L’ILLUSIONE DELLA VITTORIA

16 10 2007

“Grillo ha toccato un nervo scoperto”. Sono preziose le parole di Noam Chomsky, intervistato dallo Staff di Beppe (un suo intervento non lo leggo da anni sui giornali italiani), secondo cui “è incredibile che i media prima del V- Day non abbiano mai parlato dell’iniziativa Parlamento Pulito (magistralmente ignorato dalle telecamere della Rai).
Il grande linguista americano conferma i sospetti delle ultime settimane: ovvero che il potere politico ed economico (il primo è solo un’ombra governato in realtà dal secondo) ha semplicemente paura della democrazia, ed interpreta la grande presa di coscienza del popolo dei grillini e di internet come una “minaccia”. Il direttore del Tg2 parla di istigazione al terrorismo, Filippo Facci afferma che il mondo del web pulula di gente ignorante e cafona, i giornali e le tv (culo e camicia con la classe politica) sbeffeggiano il V-Day e ne stigmatizzano la portata innovativa e rivoluzionaria.
Ieri sera a Radiouno, nella popolare trasmissione Zapping condotta da Aldo Forbice, un giornalista che da anni invita sempre gli stessi ospiti (non più di una decina in tutto) escludendo le voci più scomode e libere (ma un intervento di Marco Travaglio, Peter Gomez, Massimo Fini, Beppe Grillo o di qualunque altro personaggio che non rientri nella definizione di “moderato prudente”, cioè lobotomizzato ed innocuo) ho sentito dire addirittura che “la manifestazione di An di sabato ed i 3 milioni e mezzo di voti alle primarie del Pd dimostrerebbero che il popolo del V-Day ( tacciato sempre di “qualunquismo” ed anti-politica) è stato sconfitto e smentito dalla partecipazione attiva dei cittadini.
Quindi se ne deduce che la folla di piazza Maggiore a Bologna non era un sinonimo di malcontento e di democrazia, ma solo l’anti-camera del terrorismo e della dittatura.
Quando invece i cittadini si mobilitano per i partiti, soprattutto buttando all’aria 4 milioni di euro per eleggere una leadership scontata ed inutile, ecco che la coscienza civile è salva, e con essa la democrazia.
Ma dove vivono questi signori?
Il popolo del V-Day non è affatto sconfitto, anzi si è rafforzato ed è più vivo che mai.
Beppe Grillo continua a rincarare la dose e non scenderà in politica, come molti gli chiedono per screditarlo. Il prossimo raduno di massa sarà per l’informazione e ne vedremo delle belle.
Una Rai lottizzata, i giornali come fortezze di privilegi finanziati dallo Stato con fior di milioni, giornalisti stra-pagati per un editoriale insulso con migliaia di giovani precari retribuiti 1 euro a riga.
Ecco la prossima battaglia: una informazione davvero libera e pluralista.
I grillini sono più agguerriti che mai.
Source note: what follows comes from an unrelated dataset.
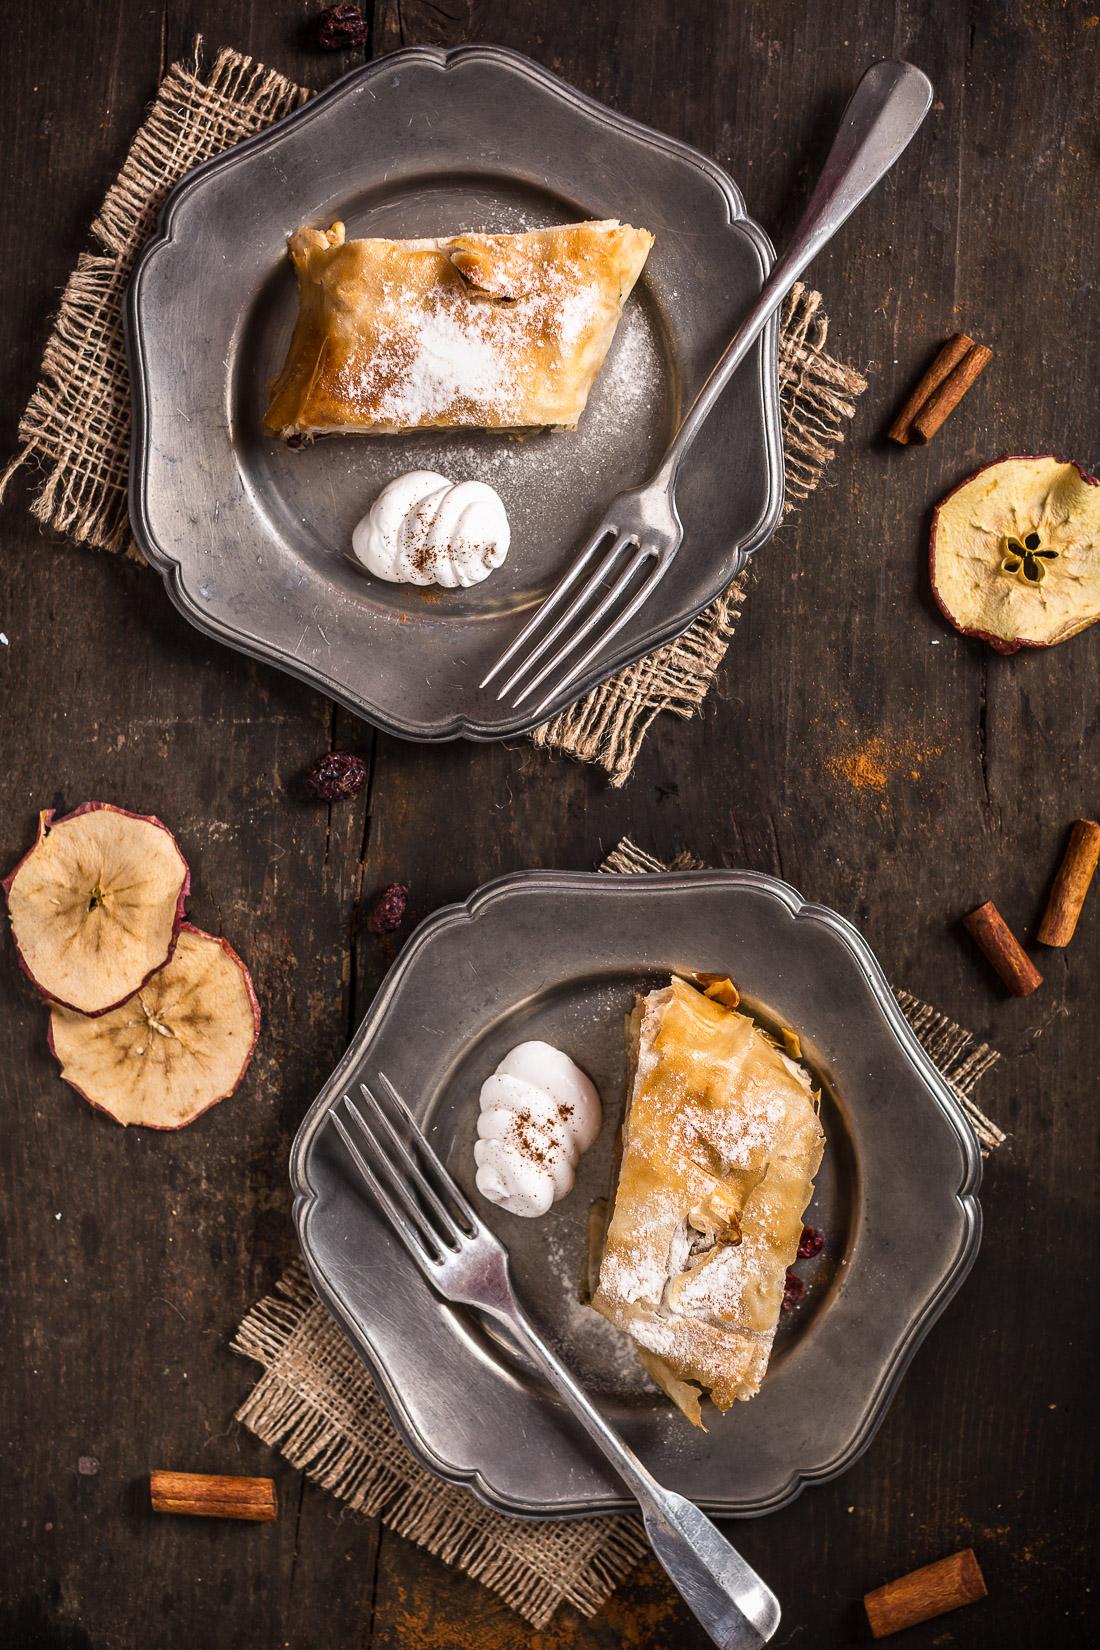 Vegan apple strudel recipe Ricetta Strudel di mele vegan apfelstrudel

La casta e tutti i suoi sodali non si illudano.
Per loro i conti non sono ancora terminati.
Anzi, siamo solo all’inizio.

Guarda l’intervista a Noam Chomsky.





SE QUESTO E’ GIORNALISMO

9 10 2007
Il Blog di Beppe è da due anni tra i più cliccati al mondo. Ha sempre scritto cose molto ragionevoli ed importanti, ha svelato misteri, approfondito temi ignorati dai media tradizionali, ha dato voce a centinaia di persone, esperti e gente comune, sui problemi dei nostri tempi.
Ha svolto insomma un ruolo primario nel panorama della triste informazione italiana.
I media l’hanno sempre ignorato e solo ultimamente ne parlano, per convenienza.
L’altro giorno per la prima volta il
Corriere della Sera ha dedicato ad un suo post un articolo tra le prime pagine…Era ora!
Di che si parlava nel testo? Dell’affare
Telecom-Cirio-Parmalat, dei bond argentini, le liste civiche, i condannati in Parlamento, le storie dei lavoratori precari raccolte nel suo libro?
Niente affatto. Naturalmente si riferiva al suo controverso discorso sui Rom.
Ma che strano! Bellamente ignorato per mesi, se non citato di sfuggita per dovere di cronaca, adesso Beppe si trova rappresentato benissimo su uno dei più venduti giornali italiani.
Naturalmente non ho trovato articoli sul suo post del 7 ottobre, dedicato all’attacco di
Sabina Guzzanti al lottizzato Gianni Riotta, e nemmeno sulla solidarietà di migliaia di persone al pm De Magistris.
Questi argomenti non stuzzicano l’appetito delle redazioni.
I giornalisti attenderanno invece un suo nuovo passo falso, e lo pubblicheranno in maniera diligente, ma solo per sputtanarlo a dovere.

Complimenti, questo lo chiamate giornalismo?